HMRC have issued an update to their guidance on repayments of corporation tax. They have now acknowledged that, in exceptional circumstances, claims for repayments of corporation tax for prior periods based on anticipated losses before the current accounting period has concluded will be considered.
Angela Clegg, technical manager in the ICAEW tax faculty, which had raised the issue with HMRC, said:
‘The changes to the guidance are helpful and it will be interesting to see how this translates into practice.
‘It will involve a careful balance between getting cash to affected businesses in a reasonable timeframe and appropriate due diligence by HMRC.’
ICAEW representations pointed out that although it was clear that the quarterly instalment payments (QIPs) regime allowed for repayment of excessive instalments in the current accounting period, the position in respect of excessive QIPs paid in respect of the prior period (where the current period had not concluded) was less certain.
Updated HMRC guidance on repayments of corporation tax addresses this concern.
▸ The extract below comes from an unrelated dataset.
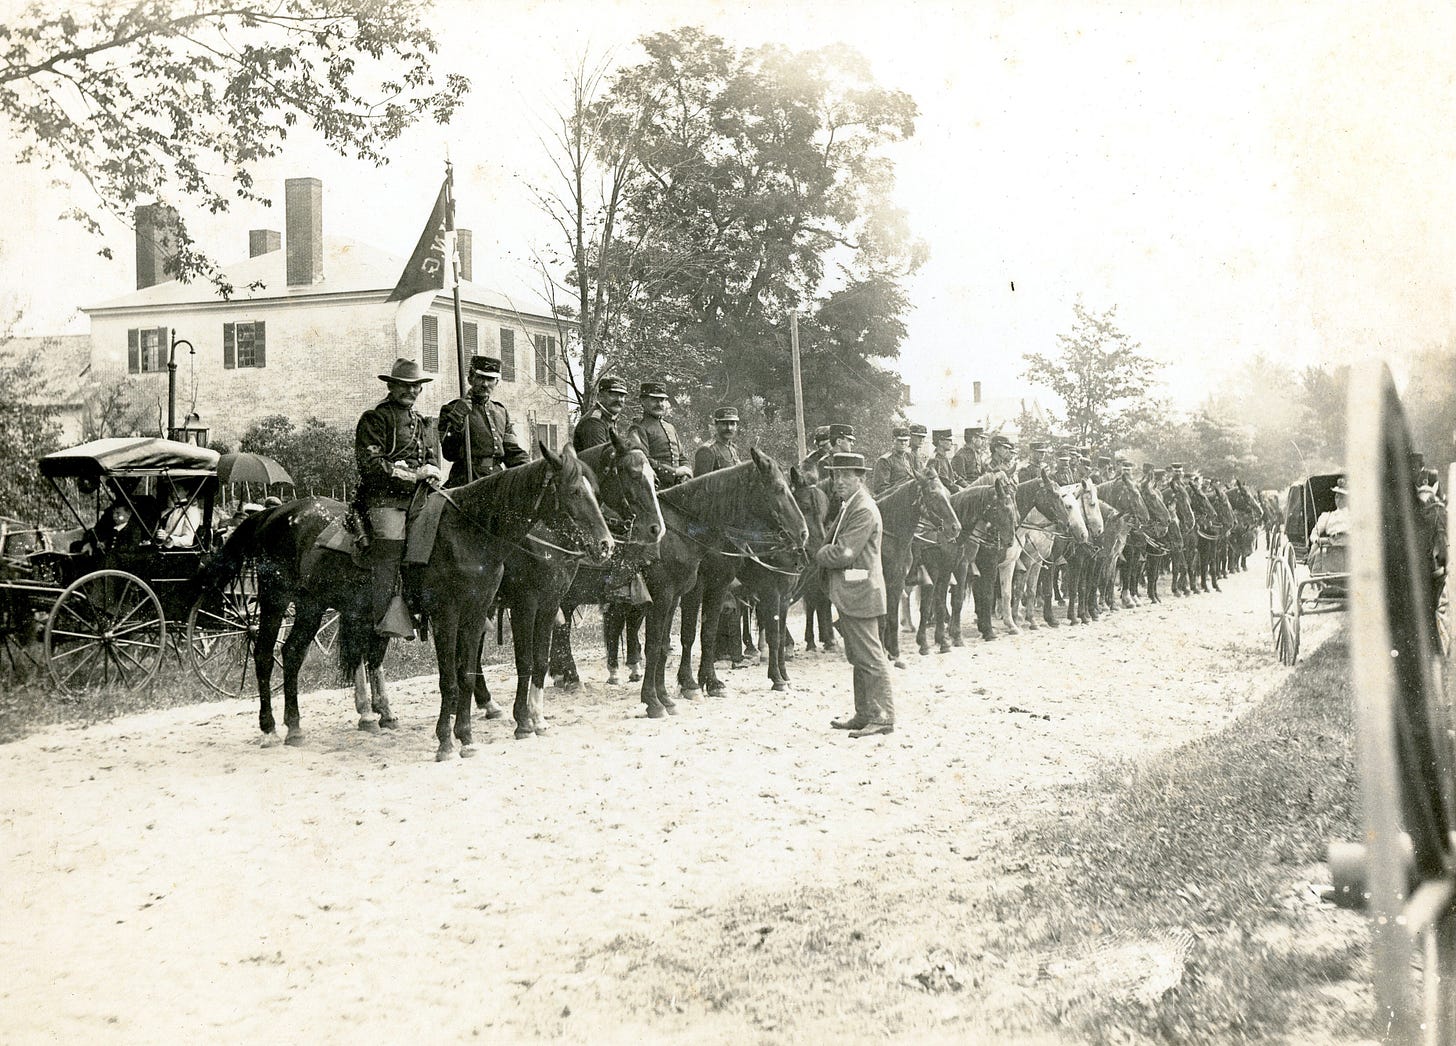 Men in uniform on horseback

Companies will have to provide evidence to substantiate claims and support the quantum of any losses expected to accumulate. They will need to demonstrate that the losses are so substantial that they will comfortably shelter any income of the current period. Also that the taxable profits of the prior period relevant to the claim.
However, the guidance states: ‘it will be extremely difficult for a company to provide adequate evidence during the earlier part of its accounting period.
This is because when the date of the claim is further into the accounting period, there is less reliance on forecasts and the smaller the chance of any upturn or recovery of losses.
The guidance further assures to examine all claims for anticipated losses critically and in full. In addition, the required evidence to validate such a claim should be viewed strictly.
HMRC has provided similar guidance regarding repayments of corporation tax made on the normal due date for payment. The normal due date usually is nine months and one day after the accounting period ends.
Similar principles apply whereby a company can make a loss-carry-back claim based on an anticipated loss in the current accounting period which has not concluded, subject to a high evidence requirement.
ICAEW says it is clear that HMRC will review each case on the basis of its own facts and circumstances. Although, there will not be any hard and fast rules. However, the more information that claimants can provide to substantiate the losses, the better.
This could include revised profit and loss forecasts; management accounts and draft tax computations; detailed reasoning and assumptions behind any figures submitted; and reports from the board and any public statements made concerning the company’s trading position.